[TASK STATEMENT]:
Please copy all of the data that follows exactly, leaving any pictures out.

===== DATA =====

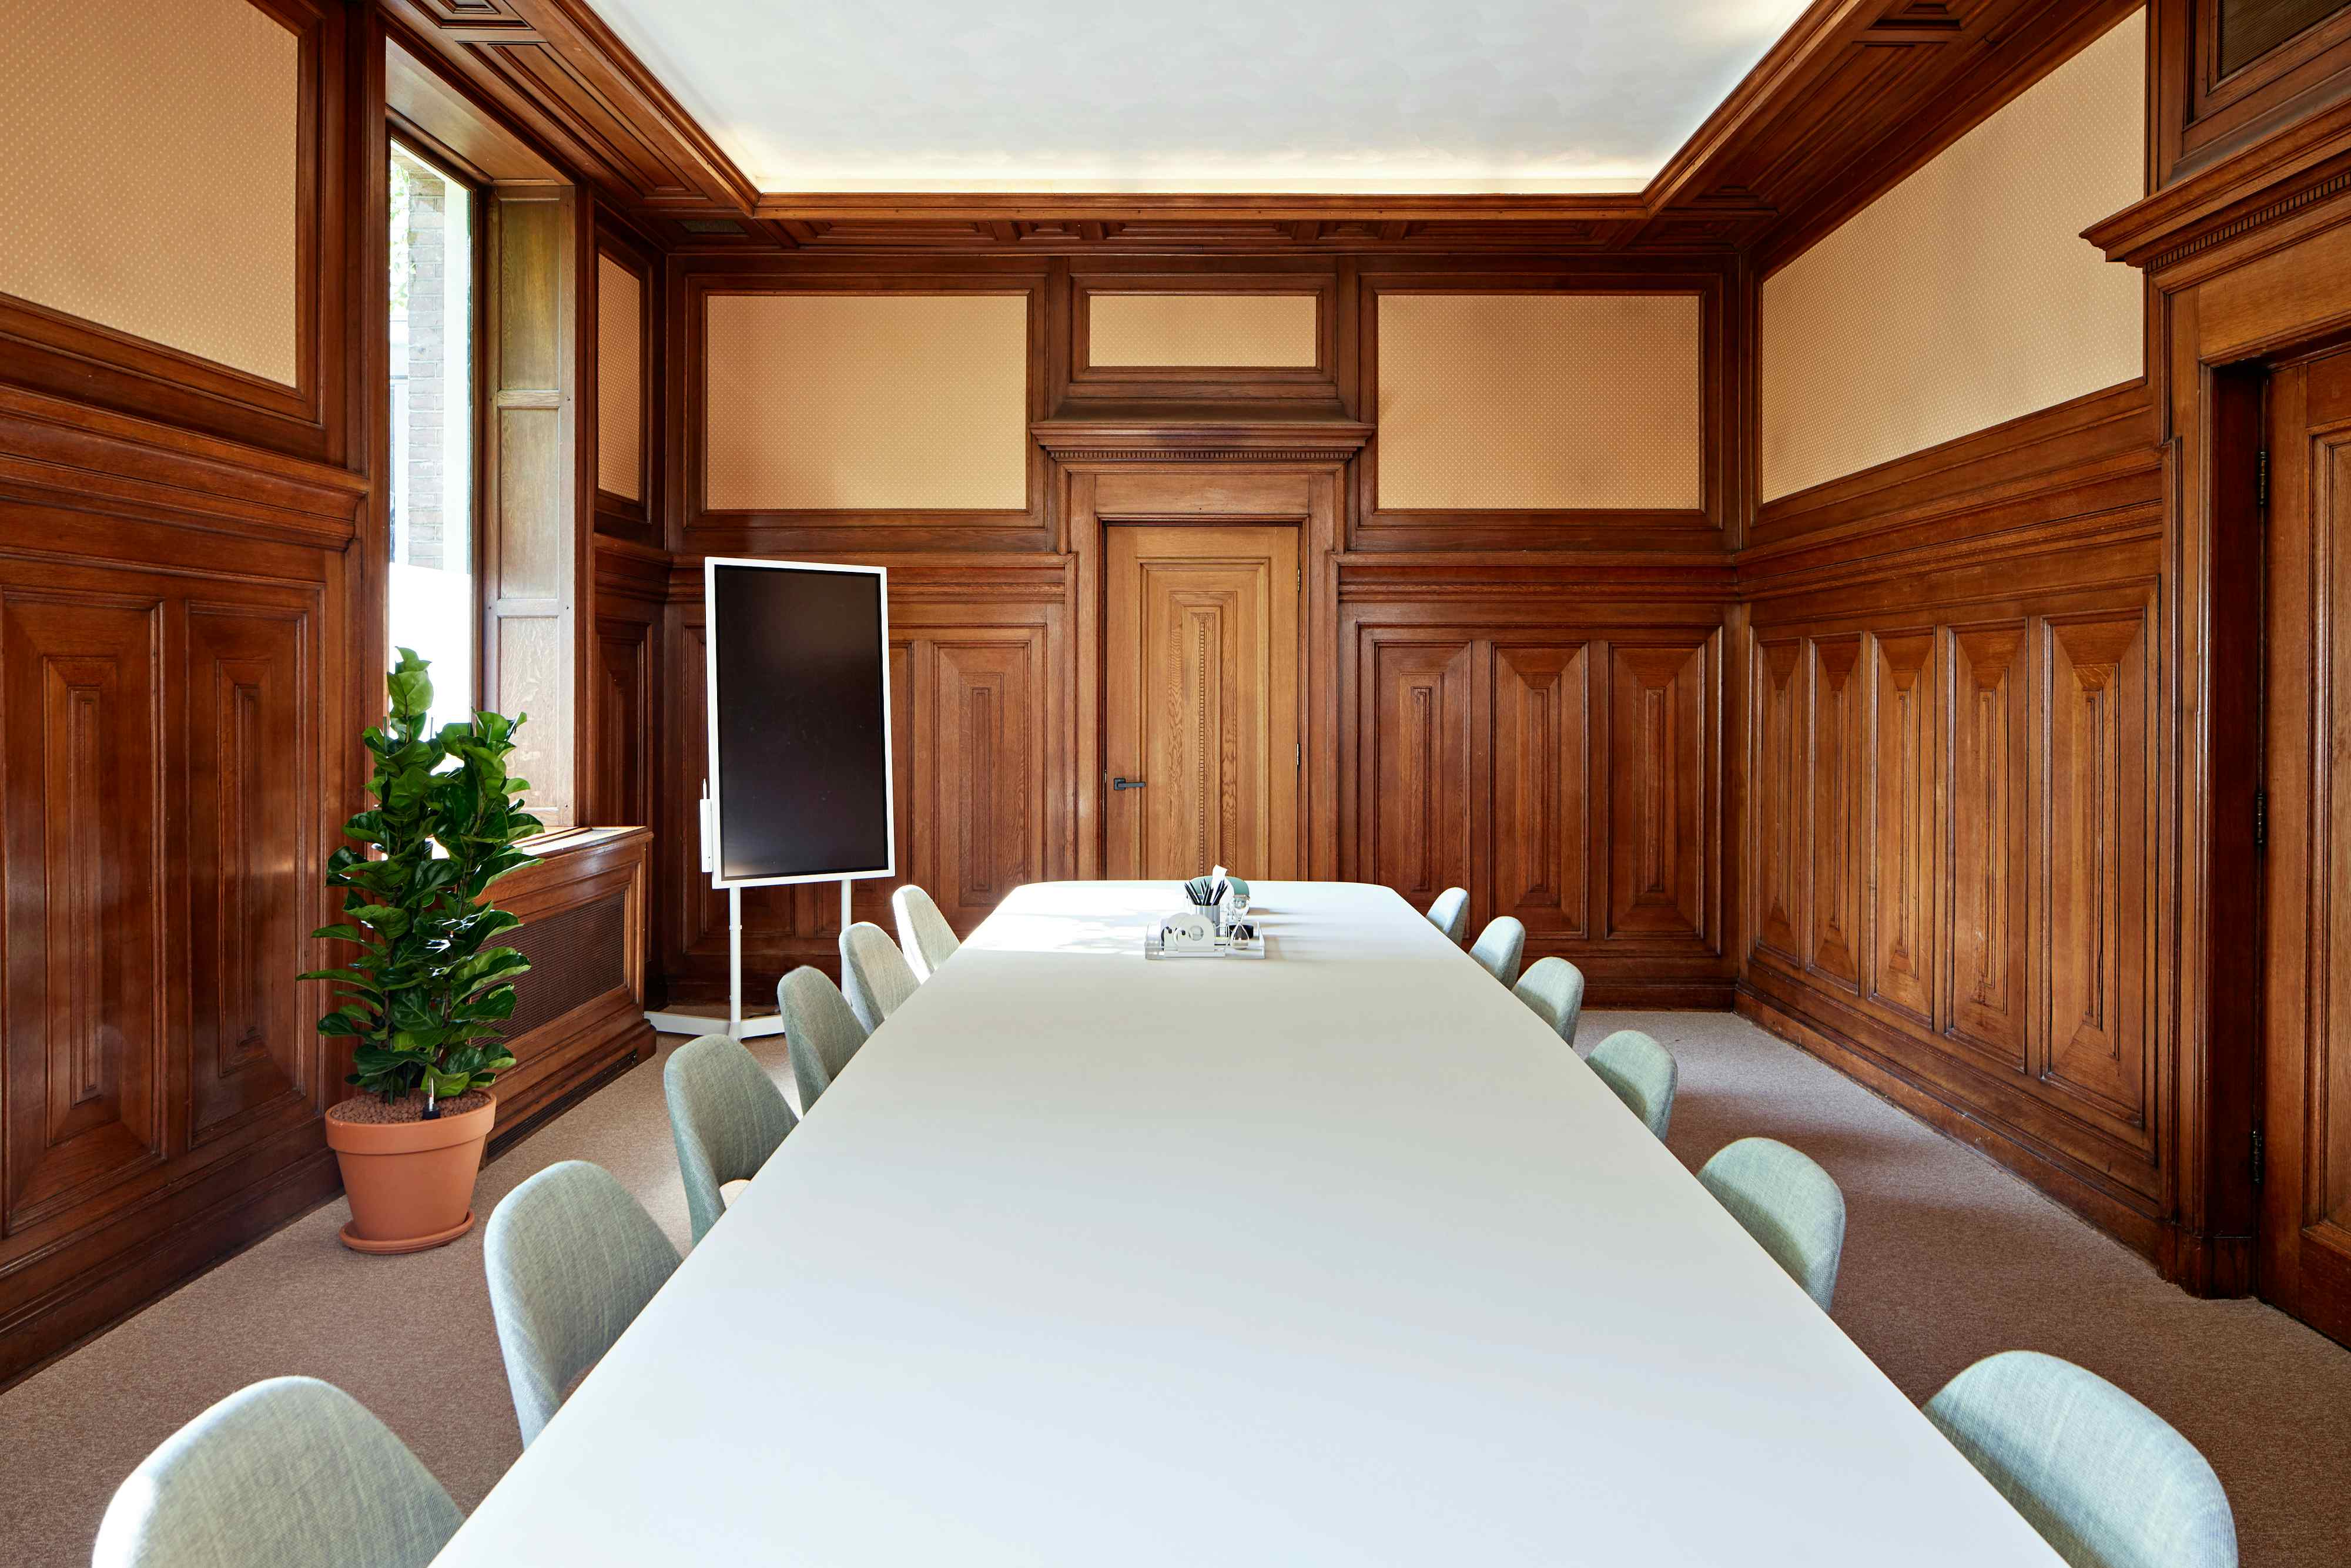 Meeting room 1, Spaces - Amsterdam, Spaces Keizersgracht
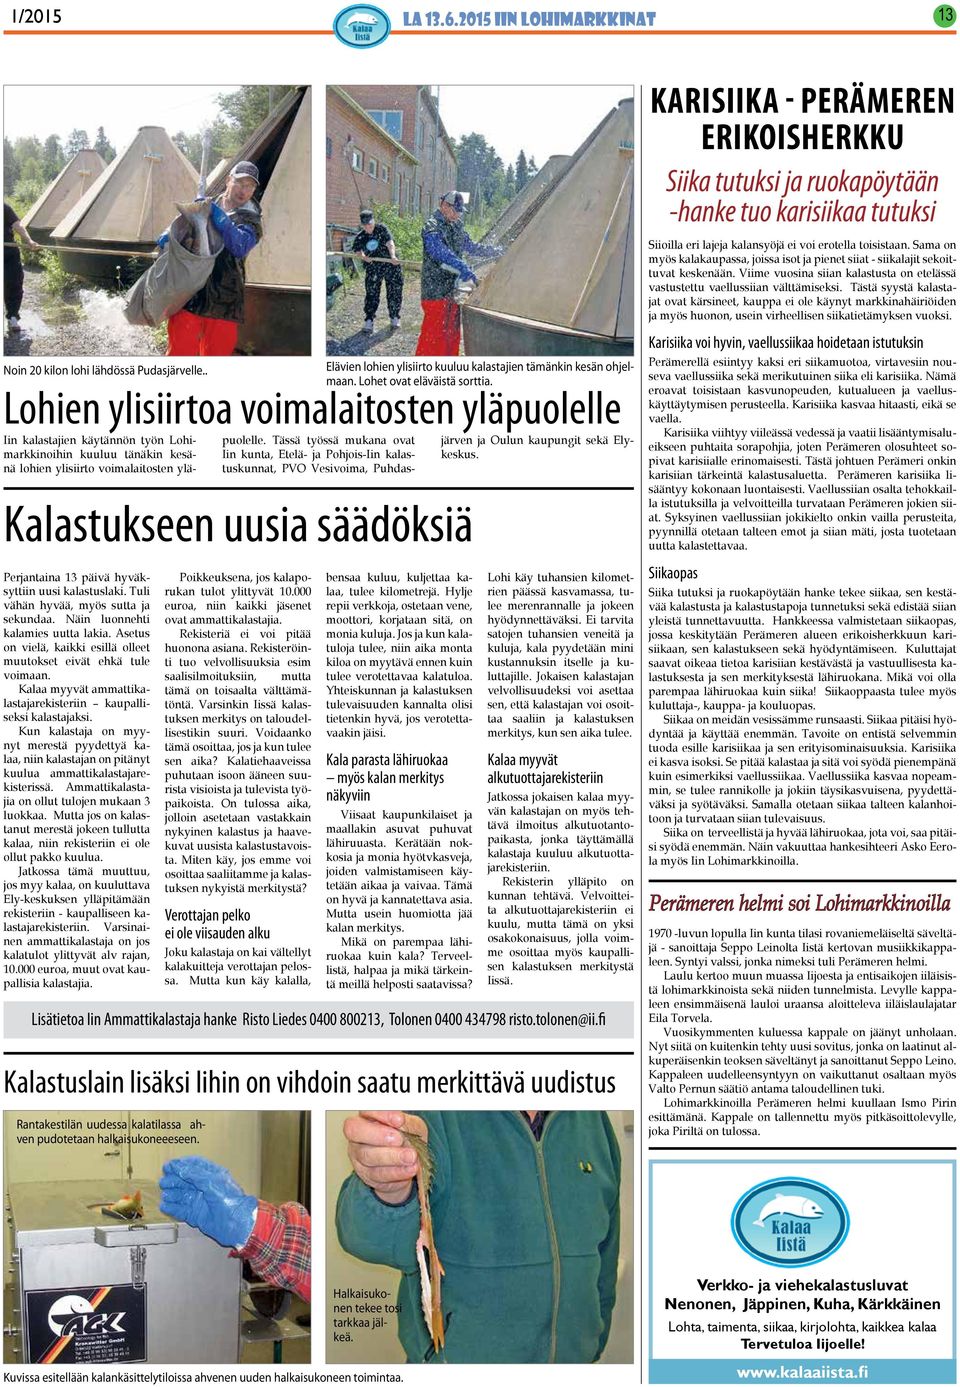 Tässä työssä mukana ovat Iin kunta, Etelä- ja Pohjois-Iin kalastuskunnat, PVO Vesivoima, Puhdasjärven ja Oulun kaupungit sekä Elykeskus.
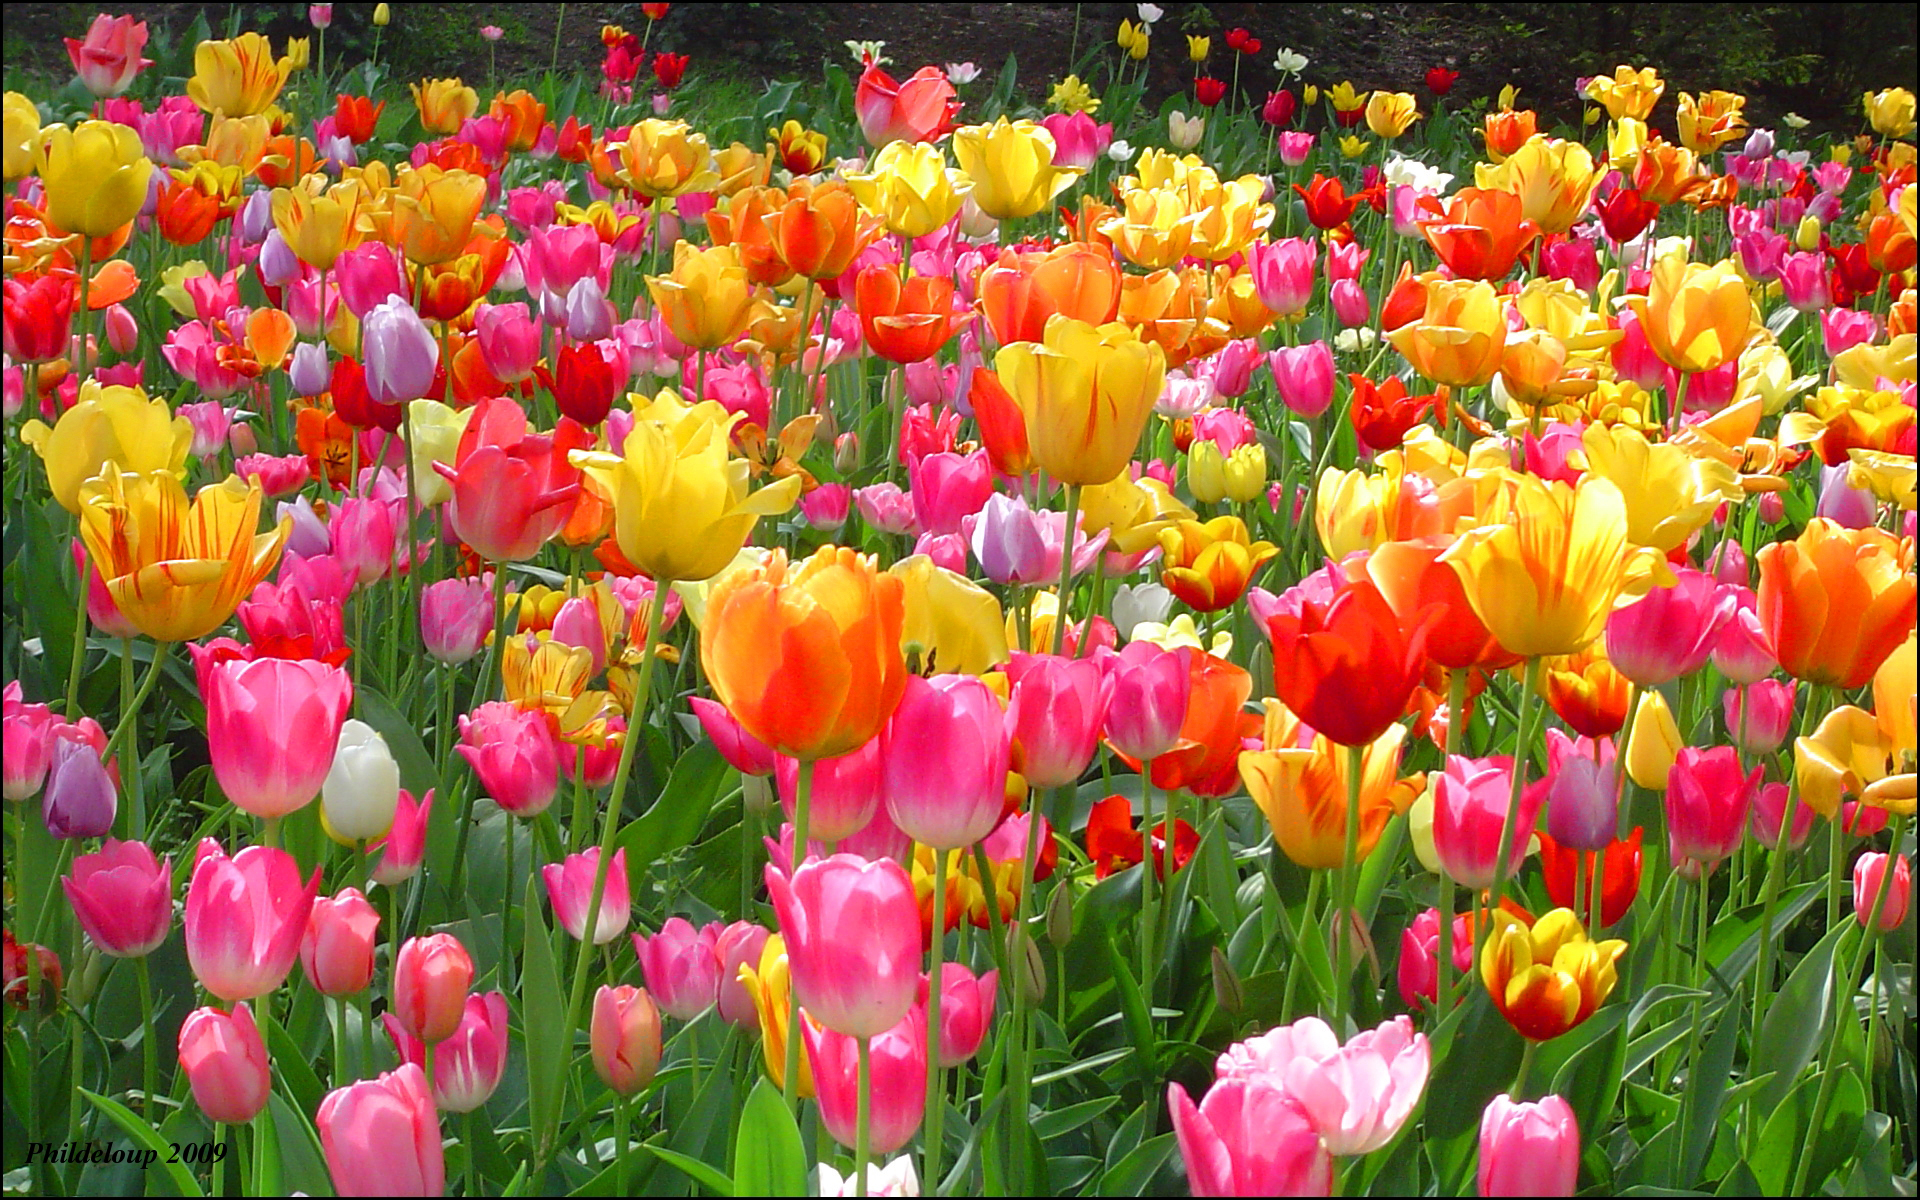 Hình nền Hoa Tulip - Bạn muốn tìm kiếm một hình nền máy tính đẹp mắt và hấp dẫn? Hãy xem hình ảnh Hoa Tulip đầy tinh tế và nghệ thuật này. Với màu sắc rực rỡ và kiểu dáng đẹp mắt, hình nền này sẽ làm cho màn hình máy tính của bạn trở nên sống động và thu hút hơn.

=====

[RESPONSE]:
 Meeting room 1, Spaces - Amsterdam, Spaces Keizersgracht
 Tässä työssä mukana ovat Iin kunta, Etelä- ja Pohjois-Iin kalastuskunnat, PVO Vesivoima, Puhdasjärven ja Oulun kaupungit sekä Elykeskus.
 Hình nền Hoa Tulip - Bạn muốn tìm kiếm một hình nền máy tính đẹp mắt và hấp dẫn? Hãy xem hình ảnh Hoa Tulip đầy tinh tế và nghệ thuật này. Với màu sắc rực rỡ và kiểu dáng đẹp mắt, hình nền này sẽ làm cho màn hình máy tính của bạn trở nên sống động và thu hút hơn.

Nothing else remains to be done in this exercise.